Look how far we’ve come: Two decades of freedom

Apartheid denied South Africans the right to vote, to work, to access education, to move freely, to love and marry who they wanted, and more. Freedom Day – 27 April 1994 – changed all that. We look at how far we’ve come.

Apartheid Museum in Johannesburg
The Apartheid Museum in Johannesburg documents South Africa’s past, and celebrates today’s constitutional democracy. (Image: South African Tourism)

Staff writer

Apartheid legislation denied people the right to vote, to work, to access education, to move freely, to love and marry who they wanted, to be free of the fear of imprisonment without trial.

Freedom Day – 27 April 1994 – changed all that. It ushered in a new constitutional democracy, underpinned by a groundbreaking Bill of Rights. We take a look at how far we’ve come over two decades of freedom.

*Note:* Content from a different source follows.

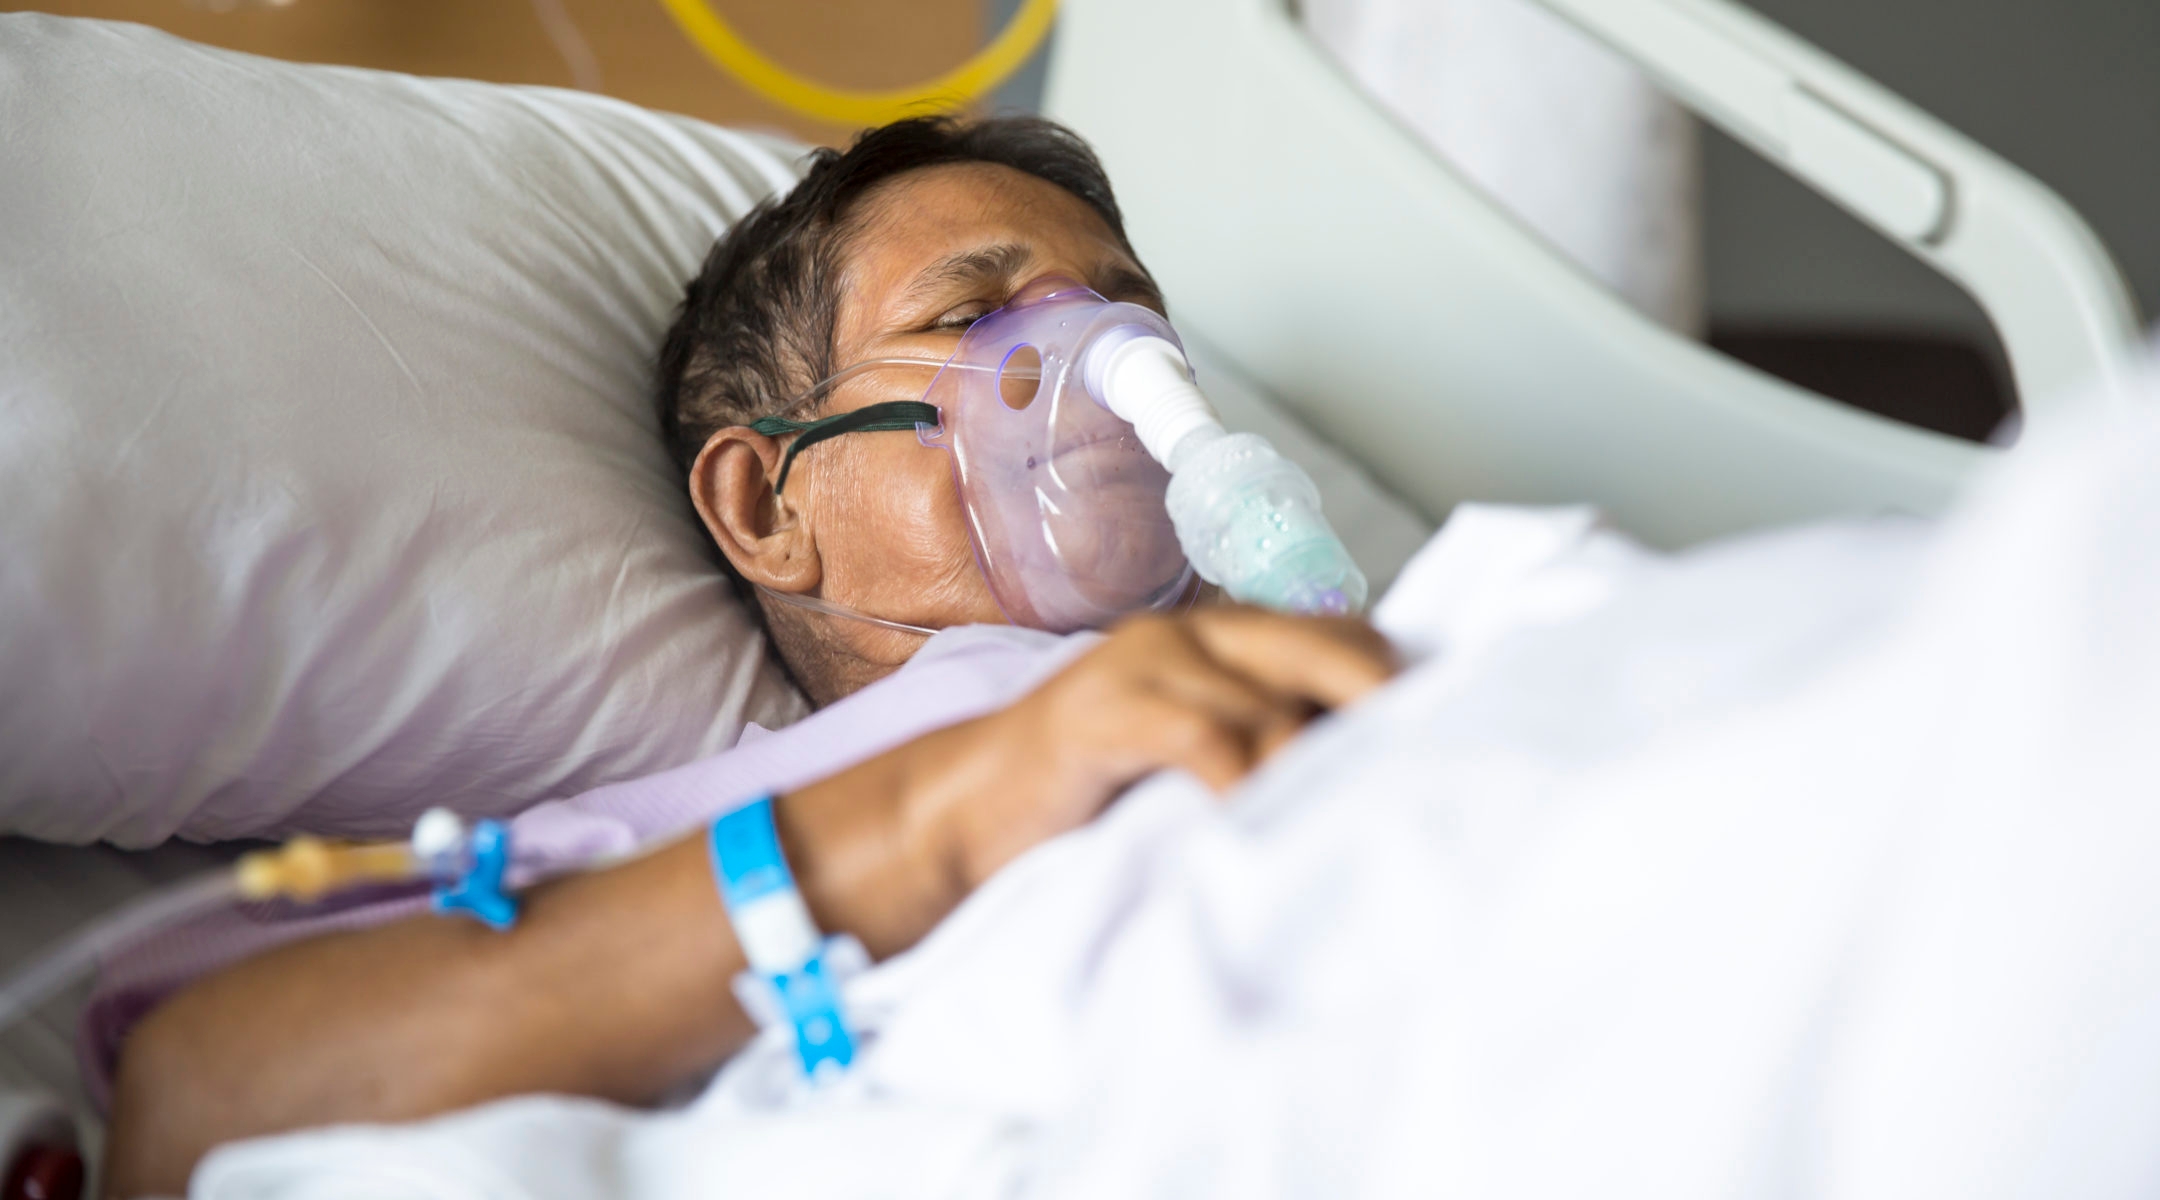 man in hospital bed with ventilator mask on

Compared to the apartheid era, where the majority had no political rights and parties opposed to apartheid were banned, all South Africans now have the right to freedom of association and are free to make political choices and campaign for any political party or cause.

Whereas the majority of South Africans were denied the right to vote during the apartheid era, every adult citizen now has the right to take part in free, fair and regular elections, the right to vote and to stand for public office and, if elected, to hold office.

All South Africans have the right to assemble, demonstrate, picket and present petitions, as long as this is done peacefully.

Under apartheid, journalists critical of the government were often harrassed, detained and even assassinated. Anti-apartheid publications always risked being banned. By contrast, all South Africans now have the right to freedom of expression.

The press and other media can express themselves freely and there is academic freedom and freedom of scientific research.

The Bill of Rights also makes provision for the right to access any information that is required for the exercise or protection of any rights. The freedom of expression does not extend to propaganda of war, incitement of imminent violence or advocacy of hatred based on race, ethnicity, gender or religion.

Compared to the apartheid era, all South Africans are now equal before the law and have the right to equal protection and benefit of the law.

Whereas during apartheid people were detained without trial, mainly for their political beliefs, all citizens now have the right to freedom and security of the person, which includes the right not to be detained without trial and not to be treated or punished in a cruel, inhuman or degrading way.

Everyone who is detained has the right to be told the reason for their detention, and to legal representation. Everyone who is arrested for allegedly committing an offence has the right to remain silent and to a fair trial or hearing before a court.

Watch US Supreme Court judge Ruth Bader Ginsburg extol the “great piece of work” that is South Africa’s Constitution:

While the apartheid state sought to deprive the majority of South Africans of their citizenship and controlled their movement through oppressive pass laws and other means, no citizen may be deprived of citizenship and everyone has the right to freely move through the country, reside anywhere and hold a passport.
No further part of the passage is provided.